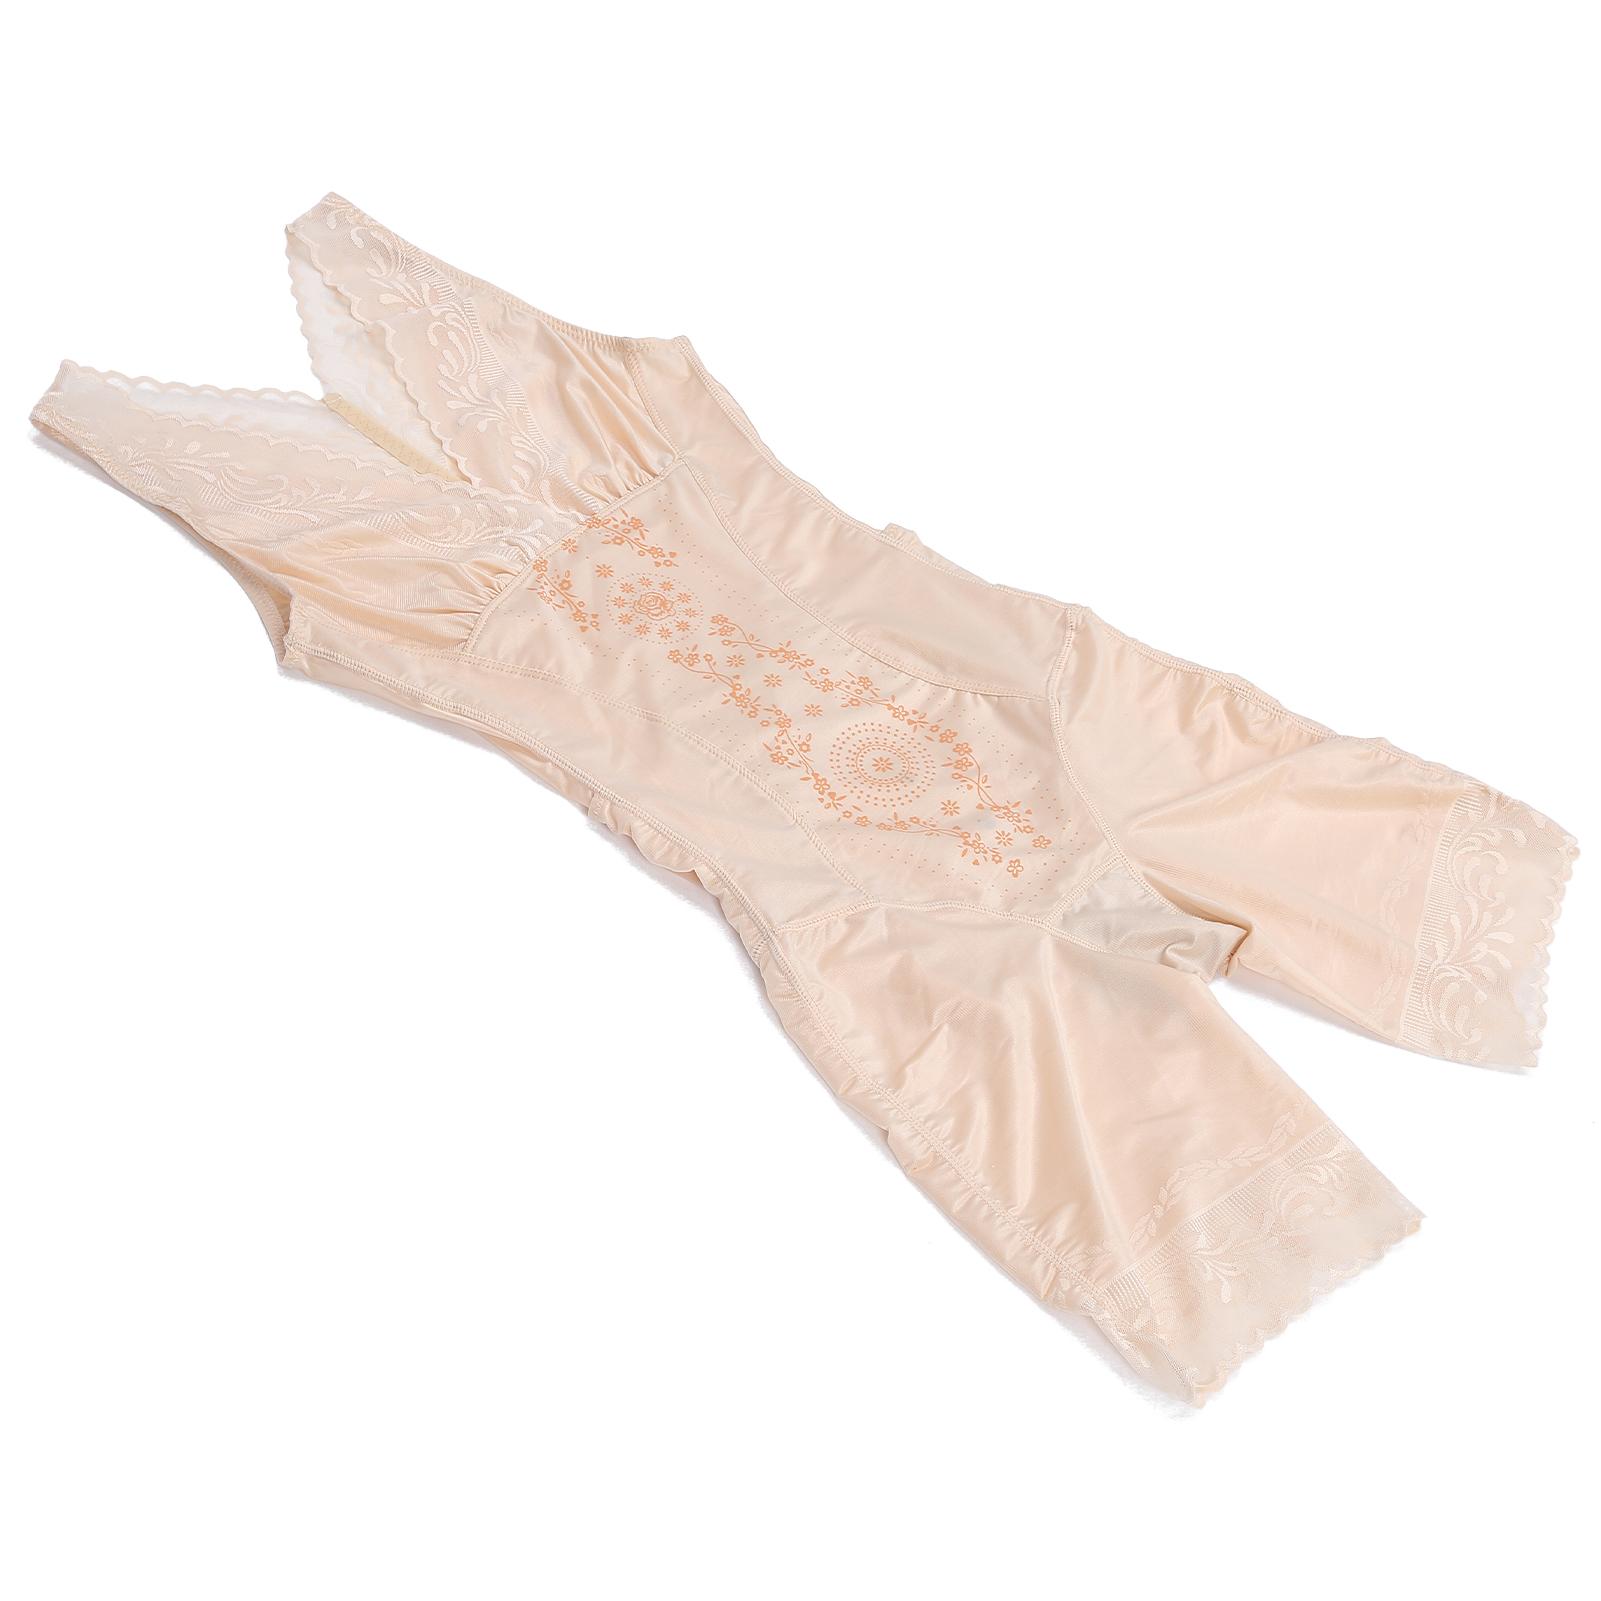 miniature 17 - Women's Full Body Taille Trainer Shaper Taille Corset underbust corset shapewear
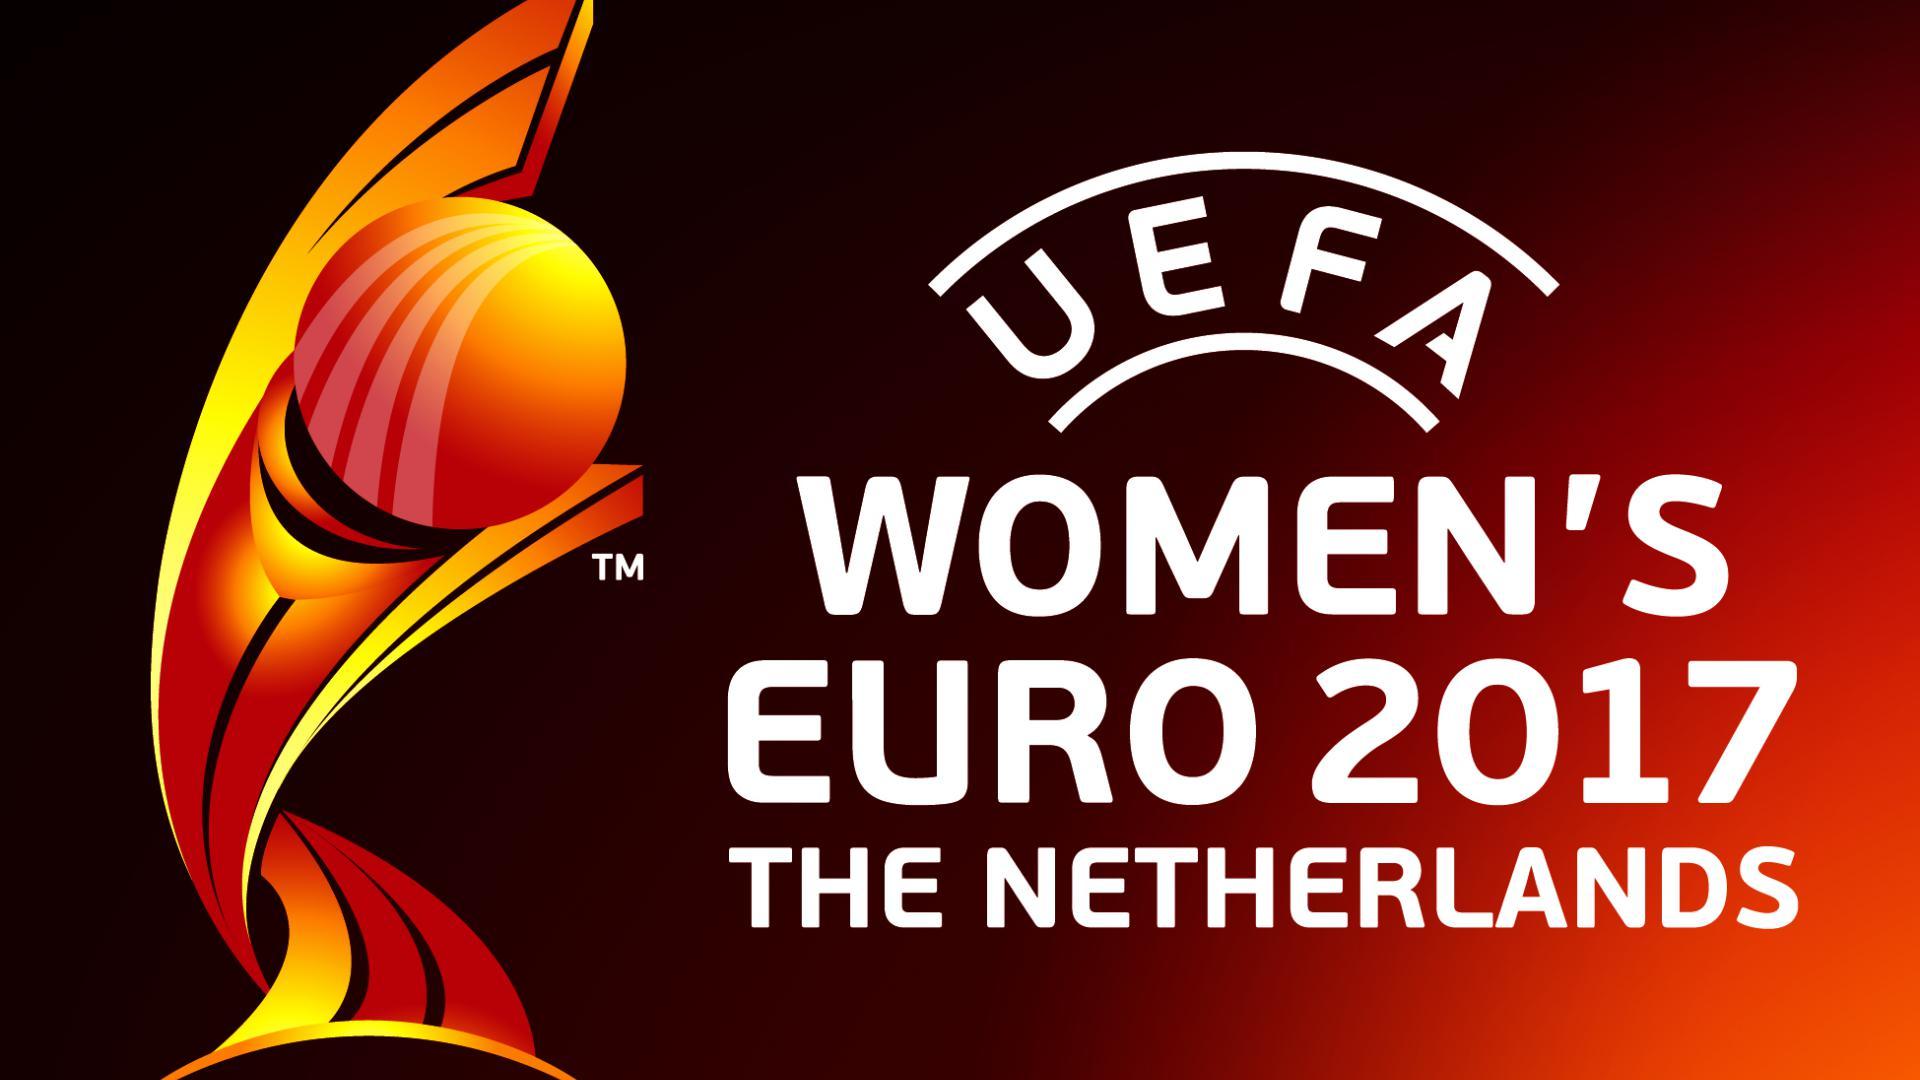 UEFA%20Women%27s%20EURO%202017_0.jpg?itok=4KYwCU8_
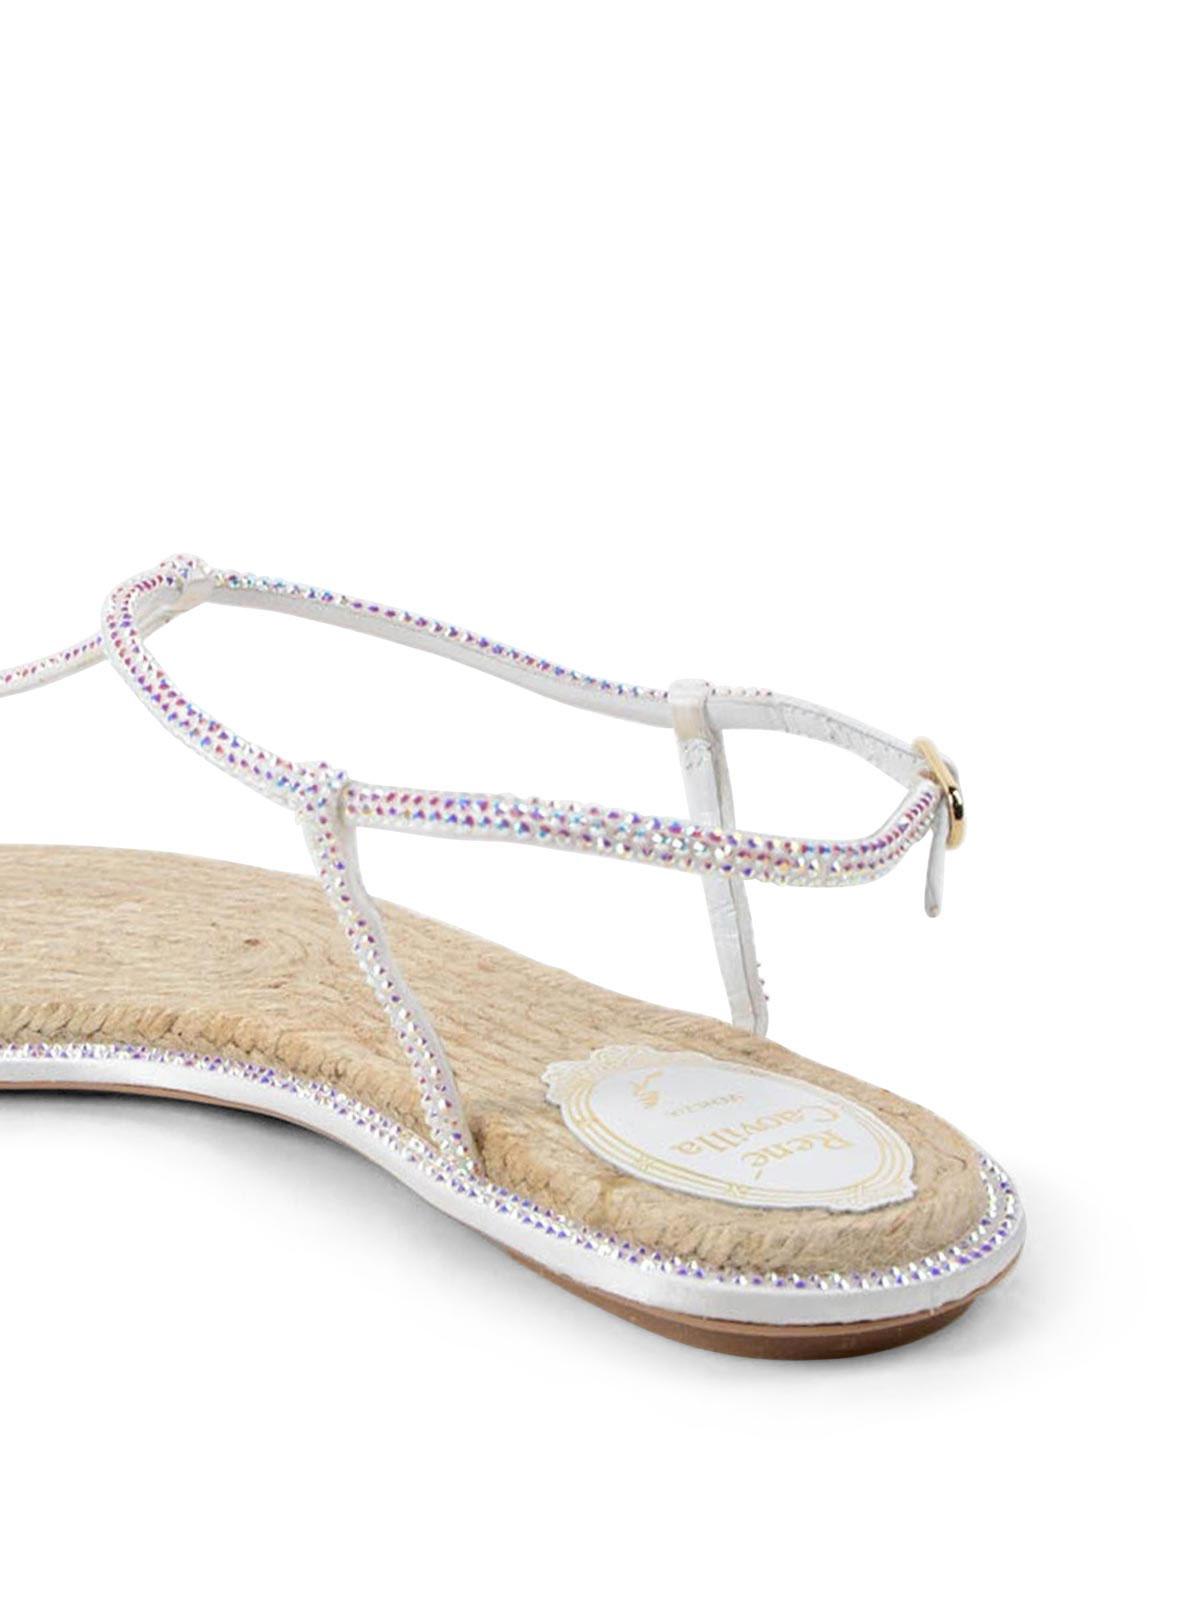 3b458b9800a9 Rene Caovilla - Crystal embellished thong sandals - sandals - C08932 ...
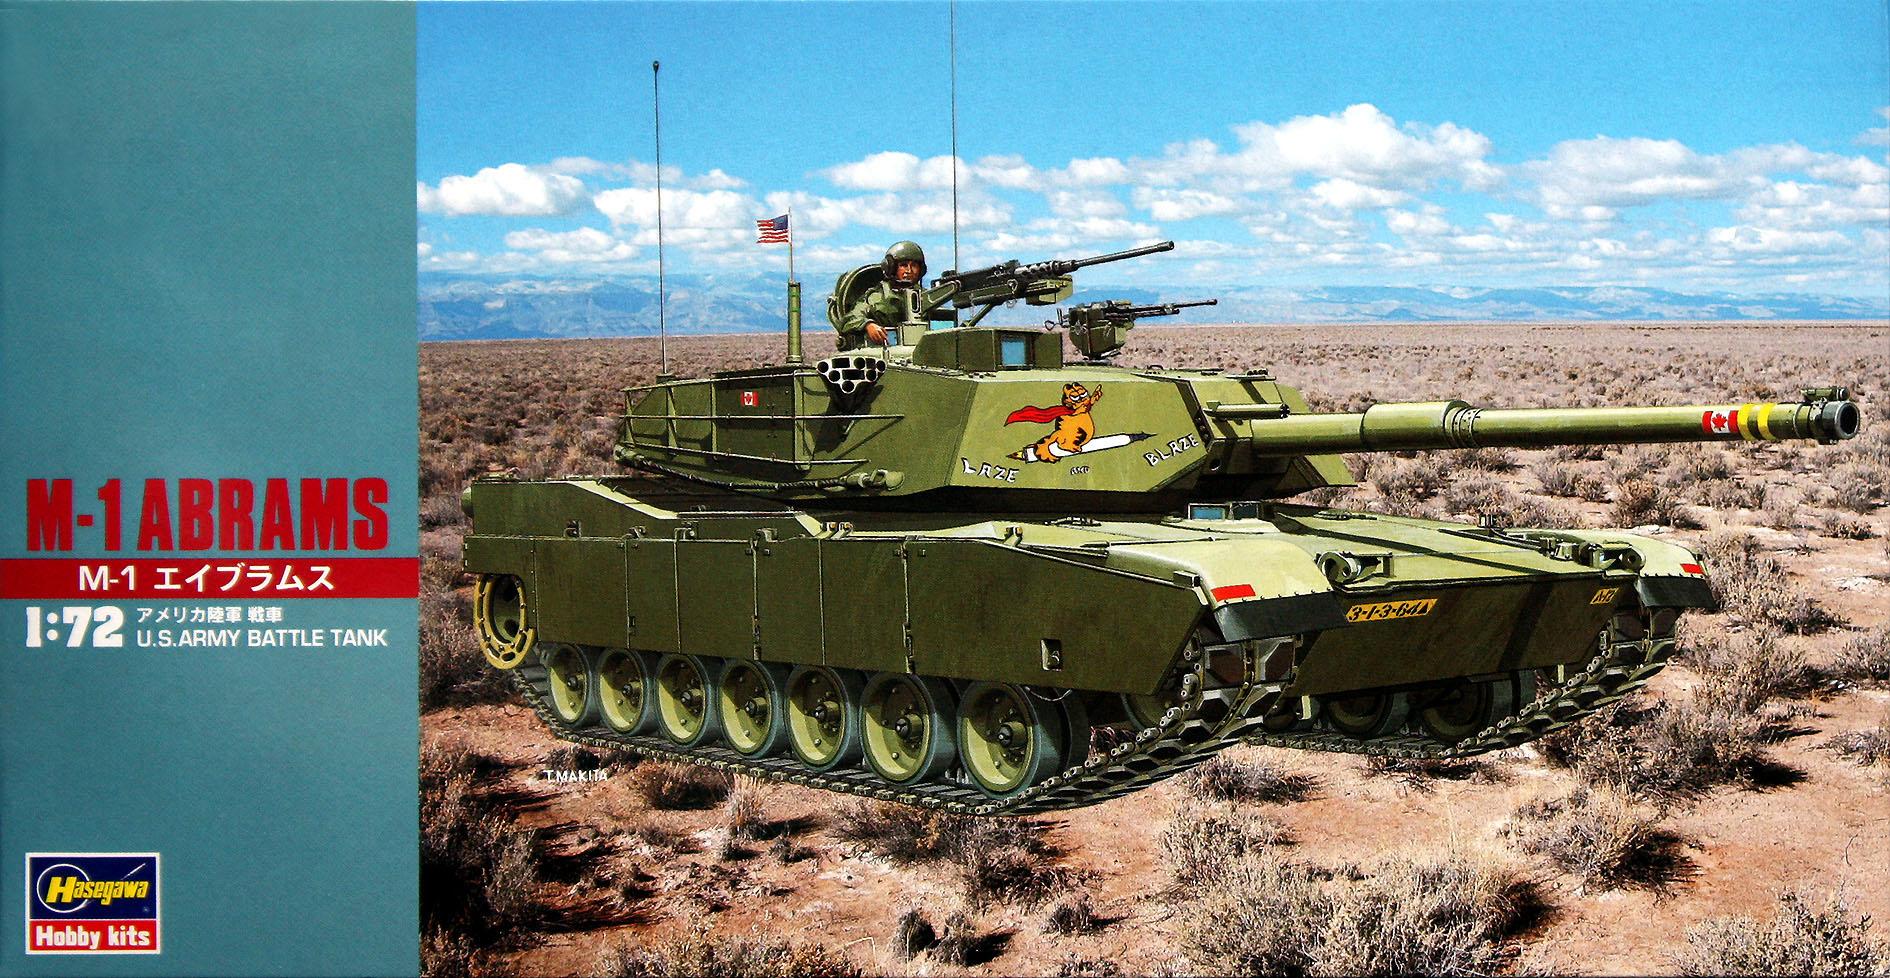 Hasegawa 1/72 M-1 Abrams

=======

> _DIRECTIONS_
None of the pictures belong in the copy. Write out exactly the lines from the line that holds "3b458b9800a9 Rene Caovilla" through the last line of the listing above, both ends included.

> _SOLUTION TO THIS EXERCISE_
 3b458b9800a9 Rene Caovilla - Crystal embellished thong sandals - sandals - C08932 ...
 Hasegawa 1/72 M-1 Abrams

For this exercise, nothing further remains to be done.